Fraunhofer Institute for Cell Therapy and Immunology IZI Release: Reading Spelling Errors In A Timely Manner: Laying The Foundations For Future Early Testing

Five years of joint research could make it possible: an early test that recognizes the widely spread literary spelling disorder (LRS), also known as dyslexia - and thus could save five percent of the children a long pain. Scientists from the Max Planck Institute for Cognitive and Neurosciences, and the Fraunhofer Institute for Cell Therapy and Immunology have succeeded in laying the foundations for a test that can predict whether a child is affected by this disorder by means of brain activity and genetic analyzes becomes. The completion of their research project LEGASCREEN provides an opportunity for a regression and outlook on LRS diagnosis.
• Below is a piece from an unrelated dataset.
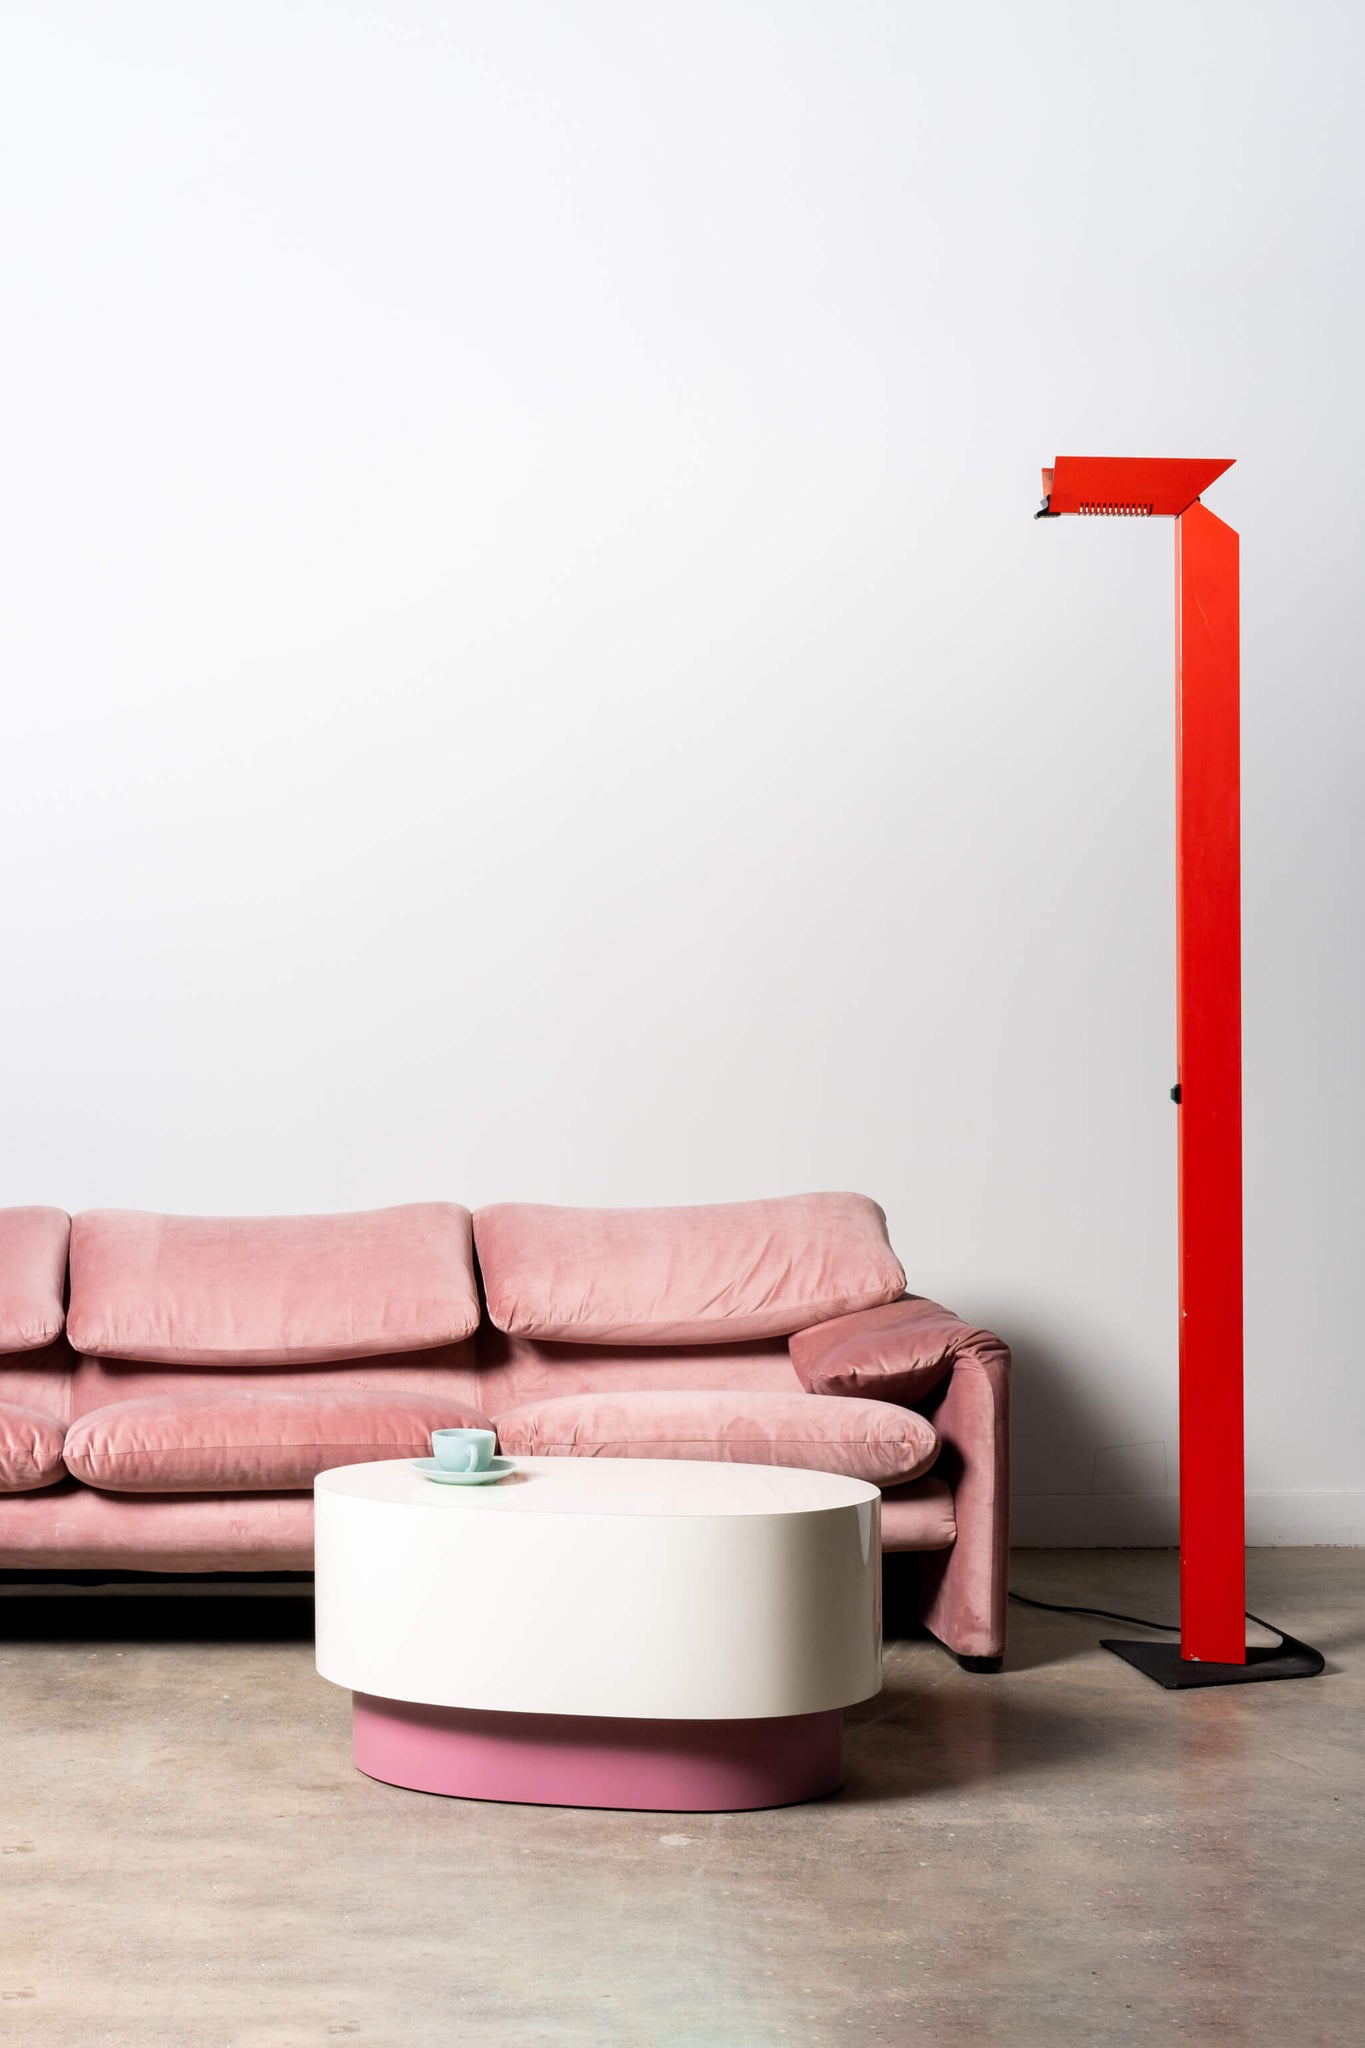 Vintage Red 'Klipper' Floor Lamp TVE Mauro Marzollo, shown with maralunga sofa and lipstick coffee table

Words stretch, break, letters are unknowable. Every 20th child, at least about one student per class desperately day by day, when it comes to writing or reading words and sentences. And with otherwise normal or high general intelligence. It suffers from the reading spelling disorder (LRS), an innate change in the brain. For the children concerned, it often means many years of school failure - usually without the true cause being recognized.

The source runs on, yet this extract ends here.